I'm trying to use Curator to shrink indices which are older than a certain number of days from 4 shards to 2 shards. However after it finishes moving all the shards to the same node, it simply stops working. In Kibana's monitoring I can see that the shards in fact have been correctly moved to one node. If I run the _shrink api by hand, I am able to finish the process just fine. However Curator is unable to do the same.
On INFO log level, the log says practically nothing, however this is what I see in DEBUG mode:
2018-07-31 14:39:57,436 DEBUG curator.actions.shrink pre_shrink_check:2071 FINISH PRE_SHRINK_CHECK
2018-07-31 14:39:57,436 INFO curator.actions.shrink do_action:2122 Moving shards to shrink node: "node4"
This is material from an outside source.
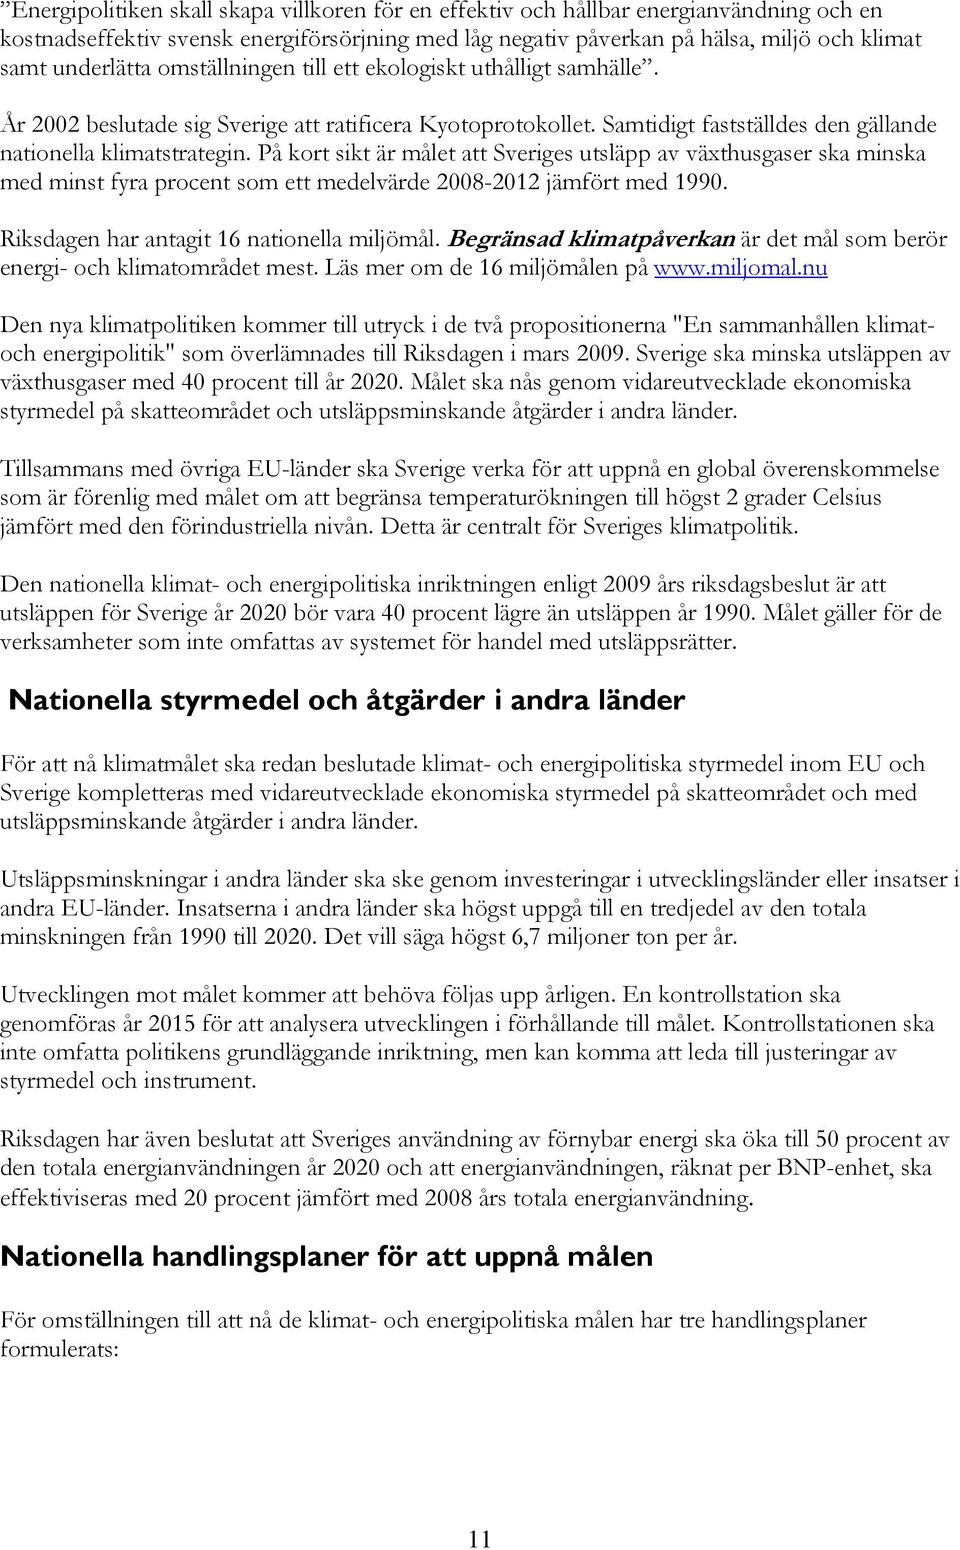 På kort sikt är målet att Sveriges utsläpp av växthusgaser ska minska med minst fyra procent som ett medelvärde 2008-2012 jämfört med 1990. Riksdagen har antagit 16 nationella miljömål.

2018-07-31 14:39:57,902 DEBUG curator.utils wait_for_it:1751 Elapsed time: 0 seconds
2018-07-31 14:39:57,902 DEBUG curator.utils health_check:1498 KWARGS= "{'relocating_shards': 0}"
2018-07-31 14:39:57,912 DEBUG curator.utils health_check:1512 NO MATCH: Value for key "0", health check data: 3
2018-07-31 14:39:57,912 DEBUG curator.utils wait_for_it:1754 Response: False
2018-07-31 14:39:57,912 DEBUG curator.utils wait_for_it:1774 Action "allocation" not yet complete, 0 total seconds elapsed. Waiting 9 seconds before checking again.
2018-07-31 14:40:06,921 DEBUG curator.utils wait_for_it:1751 Elapsed time: 9 seconds
2018-07-31 14:40:06,922 DEBUG curator.utils health_check:1498 KWARGS= "{'relocating_shards': 0}"
2018-07-31 14:40:06,961 DEBUG curator.utils health_check:1512 NO MATCH: Value for key "0", health check data: 2
2018-07-31 14:40:06,961 DEBUG curator.utils wait_for_it:1754 Response: False
2018-07-31 14:40:06,961 DEBUG curator.utils wait_for_it:1774 Action "allocation" not yet complete, 9 total seconds elapsed. Waiting 9 seconds before checking again.
And this goes on until I kill the process.
Here's my action.yml:
actions:
1:
action: shrink
description: Shrink indices older than 31 days on the node with the most available space. Delete source index after successful shrink, then reroute the shrunk index with the provided parameters.
options:
ignore_empty_list: True
shrink_node: DETERMINISTIC
node_filters:
permit_masters: False
exclude_nodes: ['not_this_node']
number_of_shards: 2
number_of_replicas: 0
shrink_prefix:
shrink_suffix: '-shrinked'
delete_after: True
post_allocation:
allocation_type: include
key: node_tag
value: cold
wait_for_active_shards: 1
extra_settings:
settings:
index.codec: best_compression
wait_for_completion: True
wait_for_rebalance: True
wait_interval: 9
max_wait: -1
filters:
- filtertype: pattern
kind: prefix
value: log-
exclude: False
- filtertype: age
source: name
direction: older
timestring: '%Y.%m.%d'
unit: days
unit_count: 31
exclude: False
I repeat: I can run shrinking just fine "by hand," but after the allocation phase Curator fails to continue, despite the fact that all the evidence shows that it has already been finished long ago.